SINCE around 2008 the dearth of bank lending has frequently been cited as one of the biggest challenges facing the licensed trade.
It’s generally held that the banks’ withdrawal from the sector has slowed the market in buying and selling pubs and prevented operators from refurbishing and expanding portfolios.
But given the scandal surrounding commercial lending that’s recently come to light, this may have been a blessing in disguise.
As we extensively report in this issue (page six), it appears potentially thousands of SMEs, including pub groups and hoteliers, have been mis-sold financial products that are designed to protect business loans in the event of interest rates rising.
In light of the recent controversy over Libor-rigging, which Barclays admitted to last week (others are also expected to have been involved), nothing surprises the public when it comes to the big banks anymore. Their reputation has sunk to the level of expenses-fiddling politicians and phone-hacking, tabloid journalists.
But some of the stories SLTN has been told concerning the mis-selling of interest rate swaps or hedges arguably take the banks’ lack of ethics to a new low.
To suggest some business owners were bullied or hoodwinked into taking out these complex products, which in many cases even the banks’ relationship managers did not fully understand, would not be stretching the point.
I concede there is a commercial argument for a business to take steps to protect their borrowings from potential interest rate rises (the trend for selling swaps began well before the current recession and the fall of the Bank of England base rate to an historic low).

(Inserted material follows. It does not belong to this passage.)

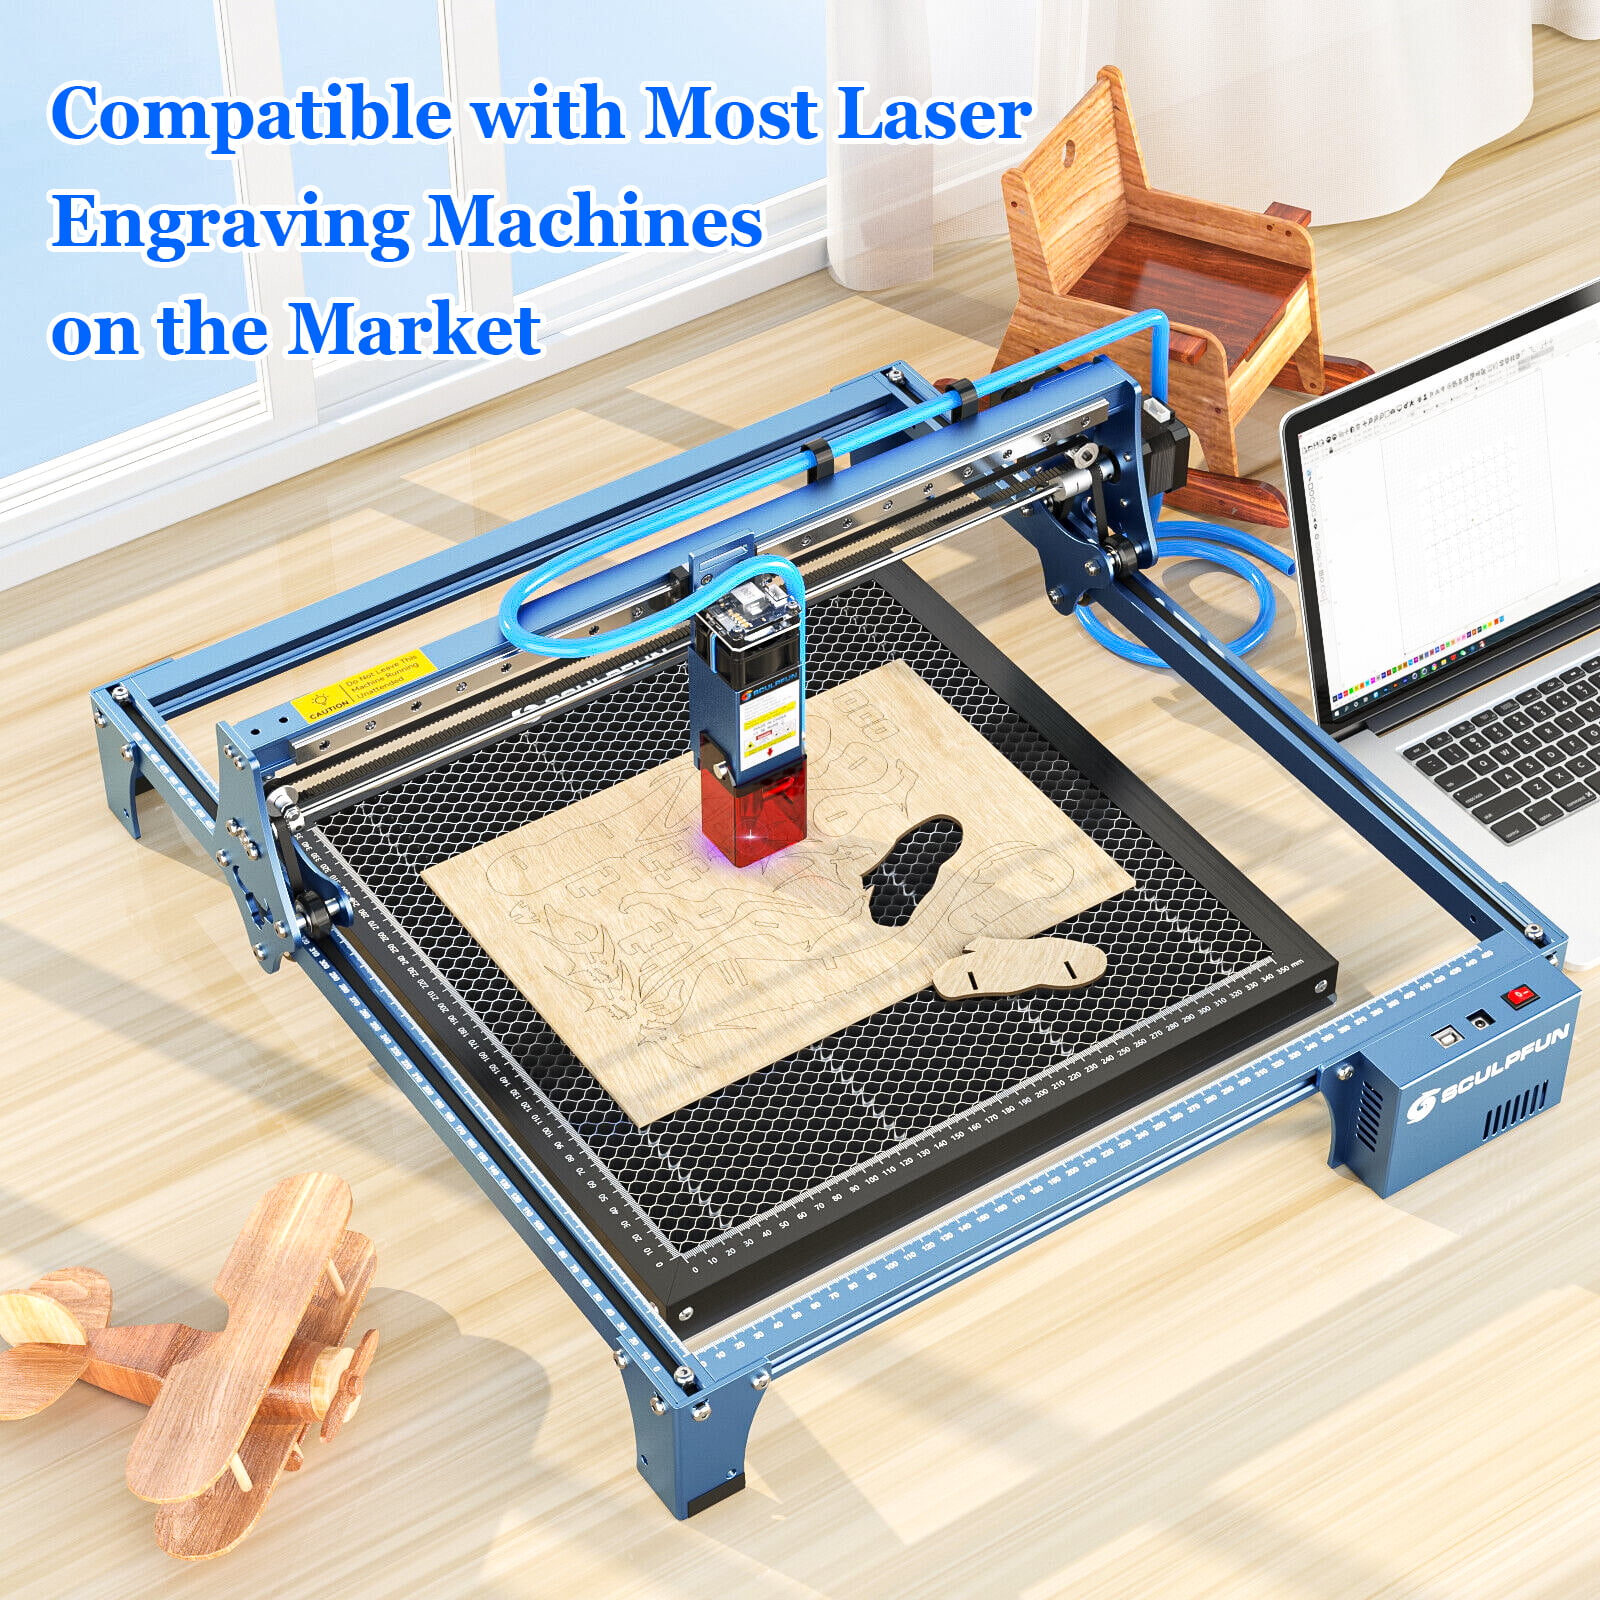 12.6*8.6 inch Honeycomb Work Bed Table for 40W CO2 Laser Engraver

But, as now appears to be evident, the banks did very little to communicate the downsides of these products to their customers. In this regard, it seems the banks have lined their pockets by once again playing loose with the rules which are supposed to govern their behaviour.
Thankfully, City watchdog the Financial Services Authority has looked into the matter and found that there is more than sufficient cause for redress for thousands of SMEs which may have been caught up in this racket.
It announced earlier this month that it had agreed with four of the banks involved – Barclays, HSBC, Lloyds and RBS – “to provide appropriate redress where mis-selling has occurred”.
Business owners with mis-selling claims will not be celebrating just yet, though.
The watchdog said the assessment process will be monitored by “an independent reviewer at each bank, appointed under the FSA’s powers”.
But there remain questions about how the process will work. Will it effectively be down to the banks to lead the process and ultimately say who has a case for compensation? And will it be accountants in the pay of banks who assess the claims?
In the interest of fairness, and given how much damage this scandal has caused, the FSA must ensure the process is as independent and efficient as possible.